The rise of the destructive programmer - hawke
http://www.jacquesmattheij.com/The+rise+of+the+destructive+programmer

======
stevengg
_That person is probably still alive and living the good life on a tropical
island_

Reminded me of the Mcnugget scene from the wire

 _Wallace: Man, who ever invented these, yo these are off the
hook...motherfucker got the bone all the way OUT the damn chicken. 'Till he
came along, niggas been chewin on drumsticks and shit gettin they fingers all
greasy, till he sad 'leave the bone' - figured out some way to make real
money.

Poot: You think the man got paid?

Wallace: who?

Poot: The man who invented these. (Holds up McNuggets)

Wallace: Shiit, he richer than a motherfucker.

D: Why...? Did he get a percentage?

Wallace: uh...why not?

D: Nigga, please. The man who invented them things - just some sad ass down at
the basement of Mcdonald's, thinking up some shit to make some money for the
real players.

Poot: Naw, man that ain't right.

D: Fuck "right," it ain't about "right," it's about money.

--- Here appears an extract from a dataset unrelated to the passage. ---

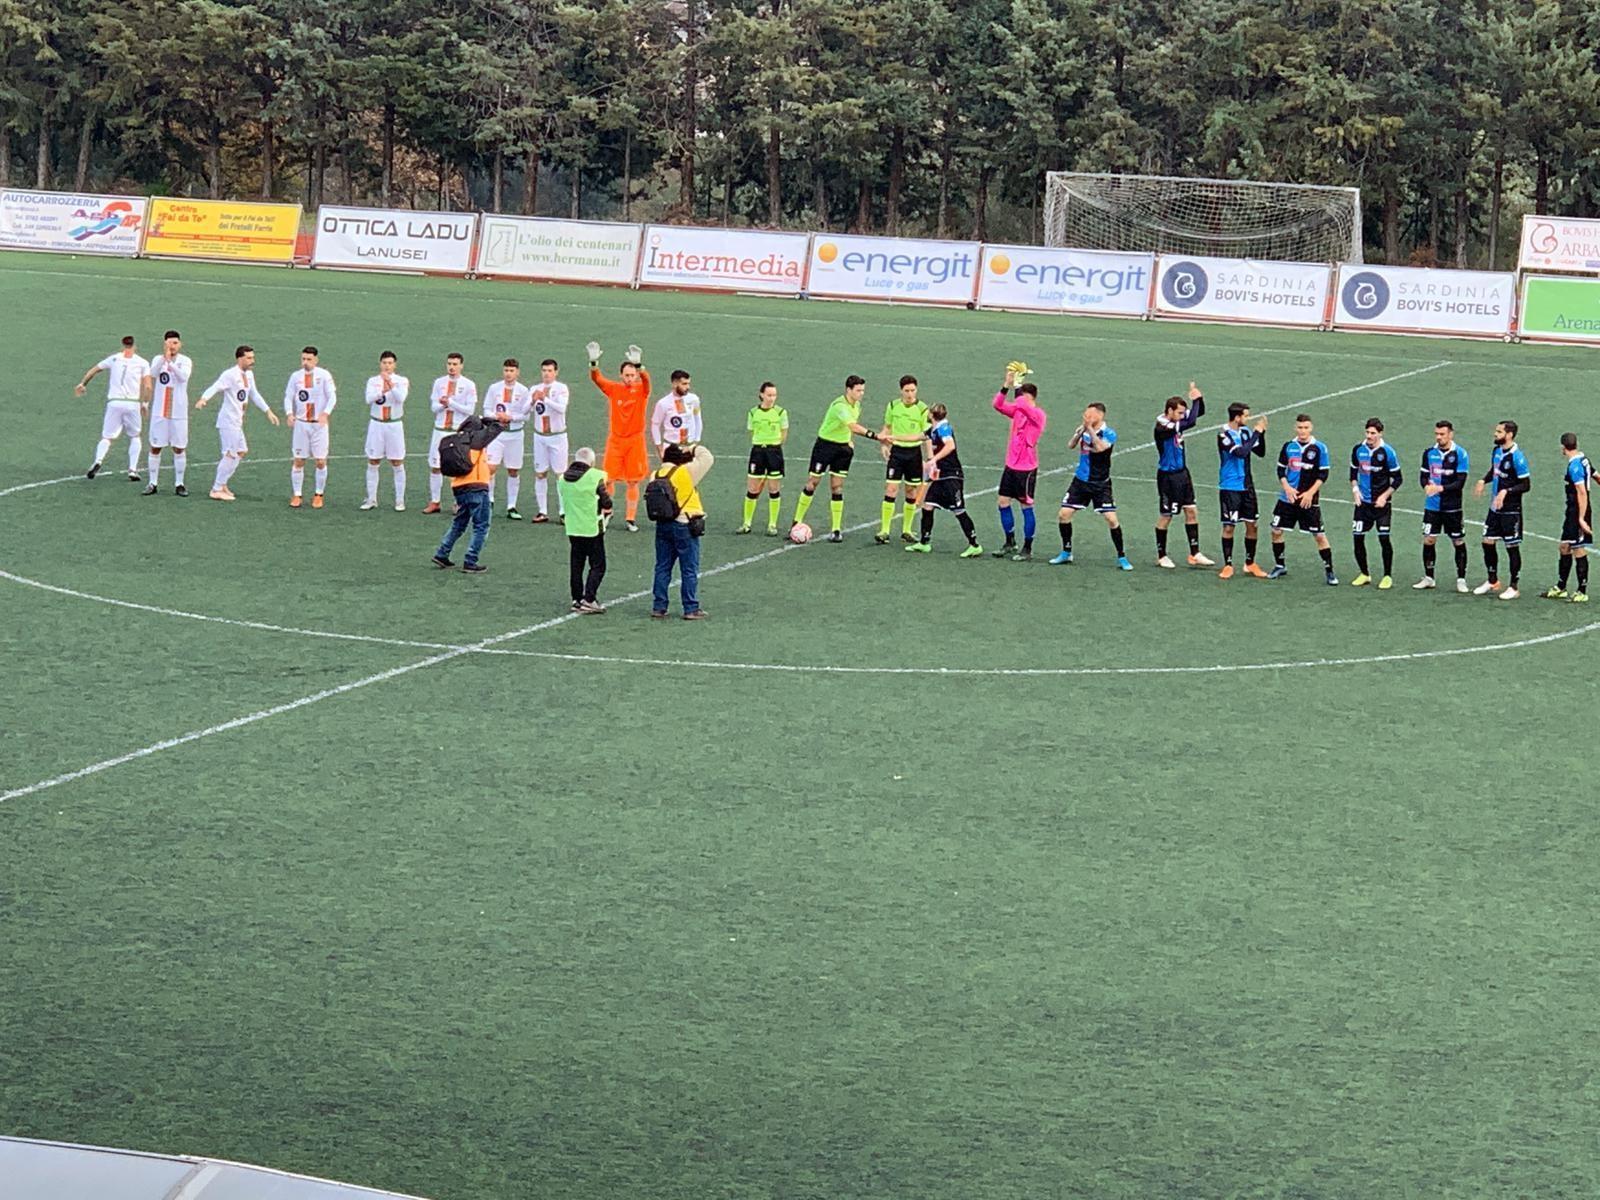 Https Www Latinaoggi Eu Sport Latina Calcio Https Www Latinaoggi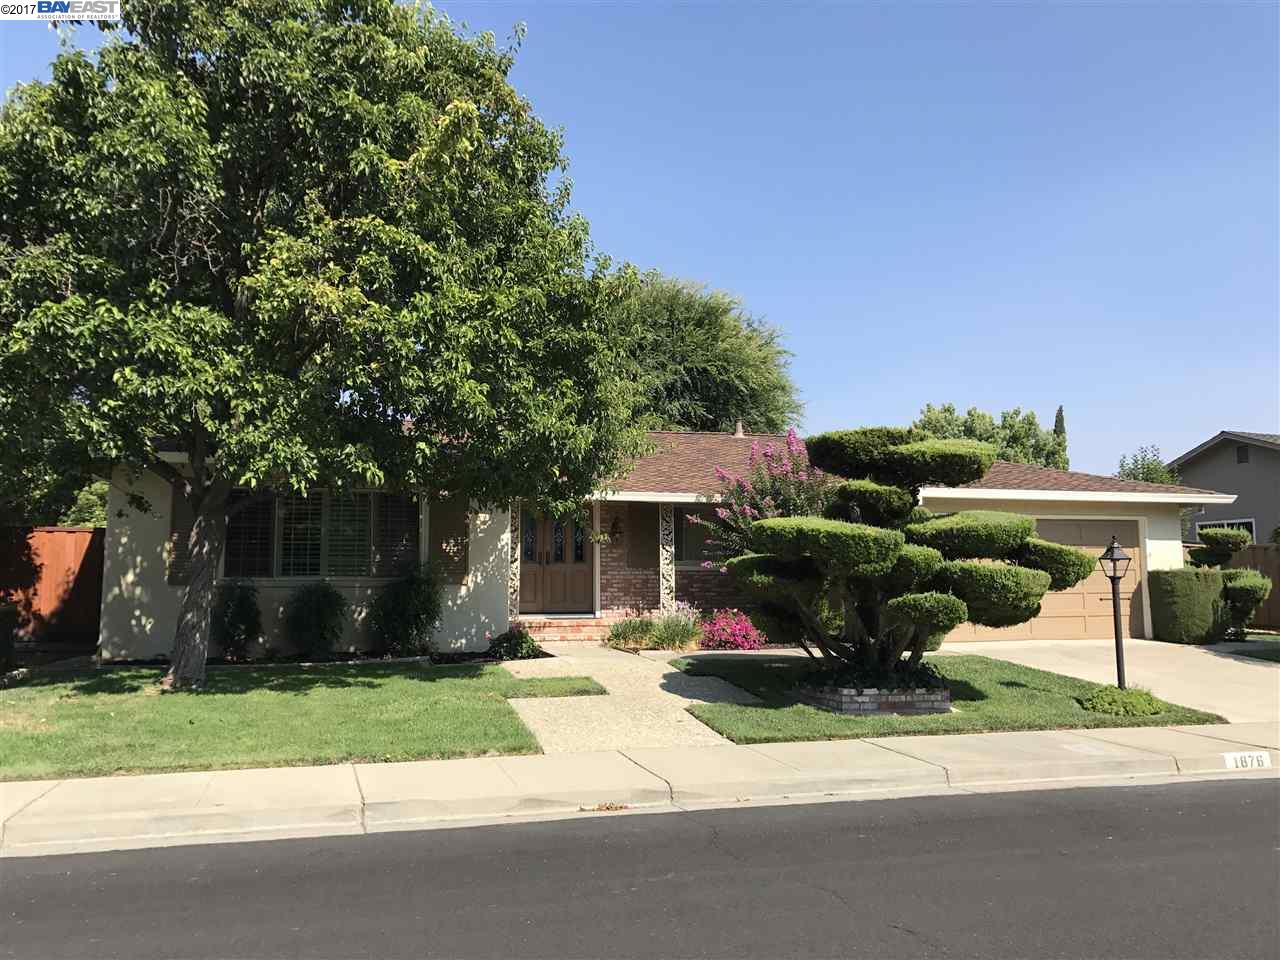 獨棟家庭住宅 為 出租 在 1876 Tanglewood Way 1876 Tanglewood Way Pleasanton, 加利福尼亞州 94566 美國

Now you think Ronald Mcdonald gonna go down to that basement and say "hey
Mister Nugget, you the bomb! We sellin chicken faster than you can tear the
bone out, so i'ma write my clowney-ass name on this fat ass cheque for you!"
...Shit.

And the nigga who invented them things, he still workin in the basement for
regular wage thinkin up some shit to make the fries taste better or some shit
like that. Believe...

Wallace: Still had the idea though..._

<http://www.youtube.com/watch?v=Cvq3Pf3j61c>